Tuesday, September 30, 2008


Public protests over the bailout continue even if the papers won’t report it

by Larry Geller

What your newspaper won’t tell you is that protests continue on Wall Street and elsewhere against Congress’ unpopular bailout plan. For example:

Unions Protest Against Wall Street Bailout

Opposition on Main Street to the federal bailout continues to mount. On Monday, labor unions held another rally on Wall Street. Speakers include Ed Ott of the New York City Labor Council.

    Ed Ott: “It was irresponsible what was done here. And if we put it back together, we want assurances that someone is going to watch the till. For twenty-five years, both parties have been complicit in undermining our protections, under the guise of deregulation. They have now cost us tens of thousands of jobs. It is unacceptable.” [Democracy Now, 9/30/2008]
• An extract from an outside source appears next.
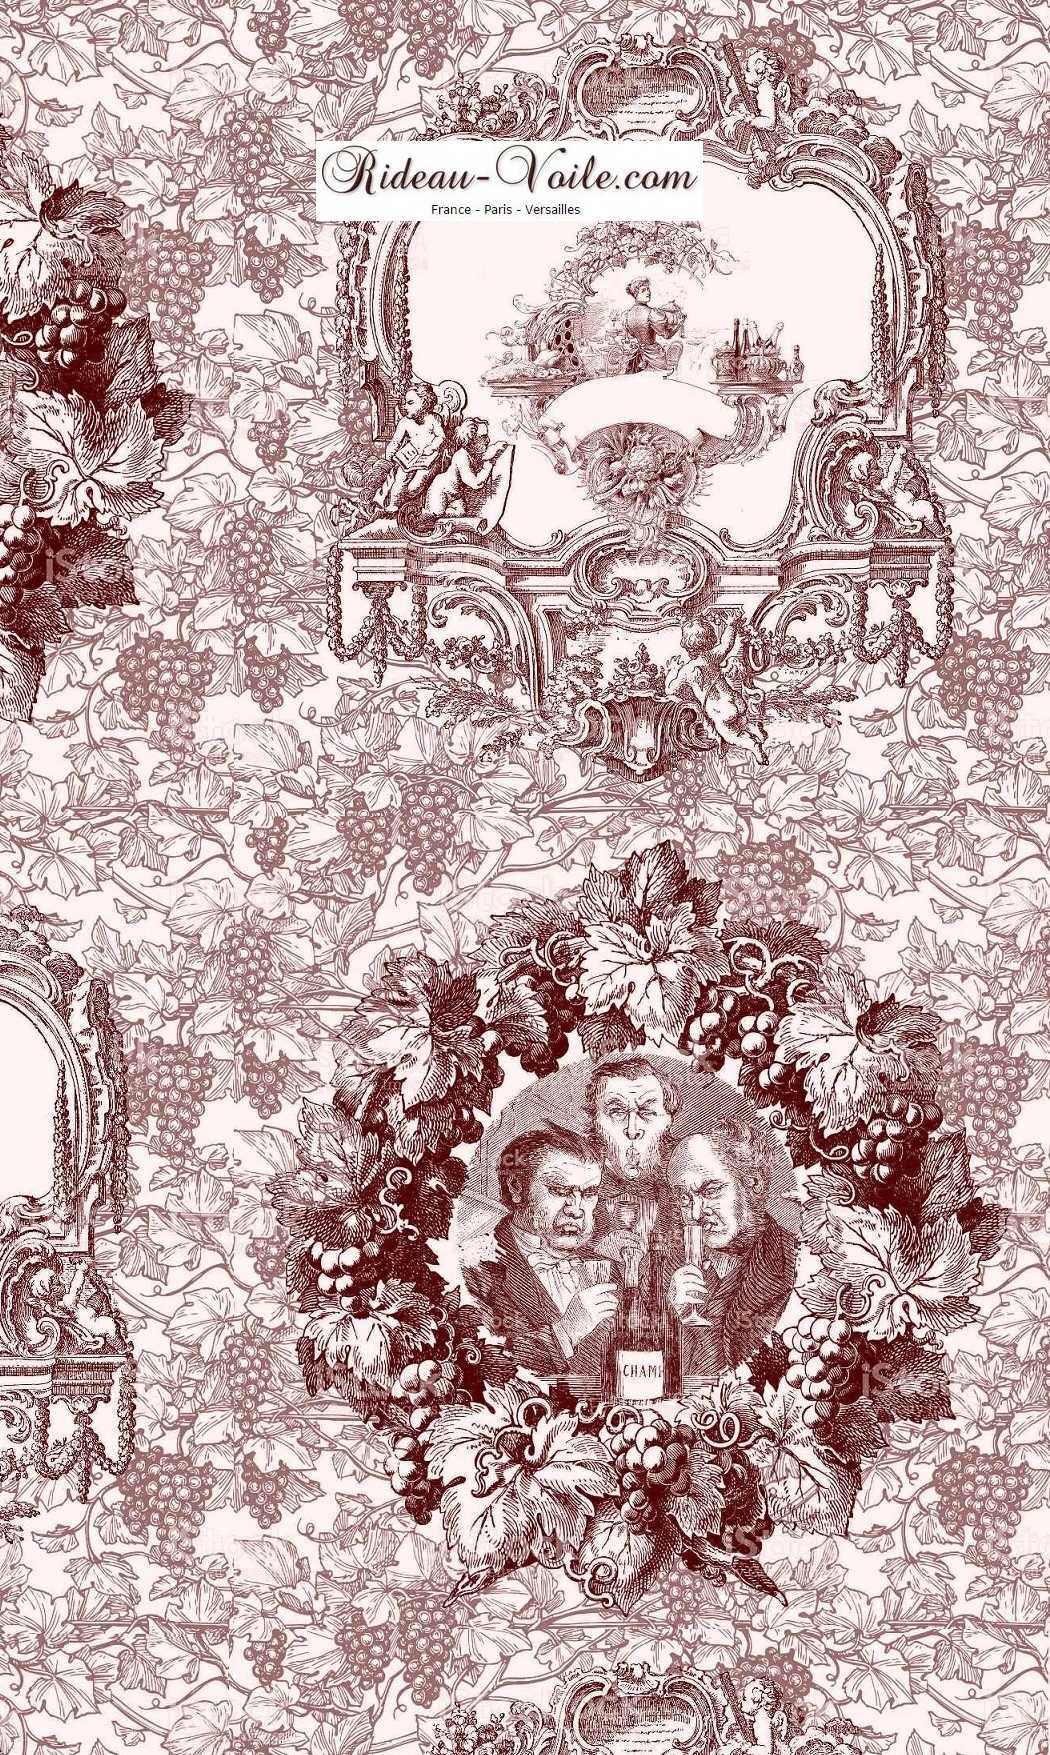 Tissu imprimé rougeToile de Jouy Tissu au mètre comment acheter trouver boutique Paris toile de jouy  pour décoration, agencement,  haut gamme sur mesure. Papier peint, luminaire, abat-jour, rideau, couette et coussin. ignifugé, occultant, Versailles, Nice, Monaco.

The Bush administration and congressional leaders are hard at work planning the next version of the bill.

Will it contain provisions re-regulating banks and investment firms?

Will it allow people facing foreclosure to retain their homes?

Will it provide appropriate punishment to firms and CEOs who caused this mess with their greed and risky bets against homeowners (instead of rewarding them)?

If Congress would draft a bill that provided benefits and protections to taxpayers, protest would likely melt and Wall Street could recover in a sane, rational manner.

To support the current bailout process is a form of insanity without re-regulation and protections. IMHO and apparently many, many others.

It’s business as usual between Wall Street and Congress, by the way. In closing, here’s an interesting corollary:

Finance Sector Gave 51 Percent More to House Bailout Backers

The Center for Responsive Politics is reporting members of the House of Representatives who supported bailing out the financial sector have received 51 percent more in campaign contributions from the finance, insurance and real estate sector in their congressional careers than those who opposed the emergency legislation. [Democracy Now, 9/30/2008]

In effect, Wall Street is trying to bribe its way to a bailout. No need to pay now, they’ve been paying all along (and will, of course, continue to fund their supporters in government).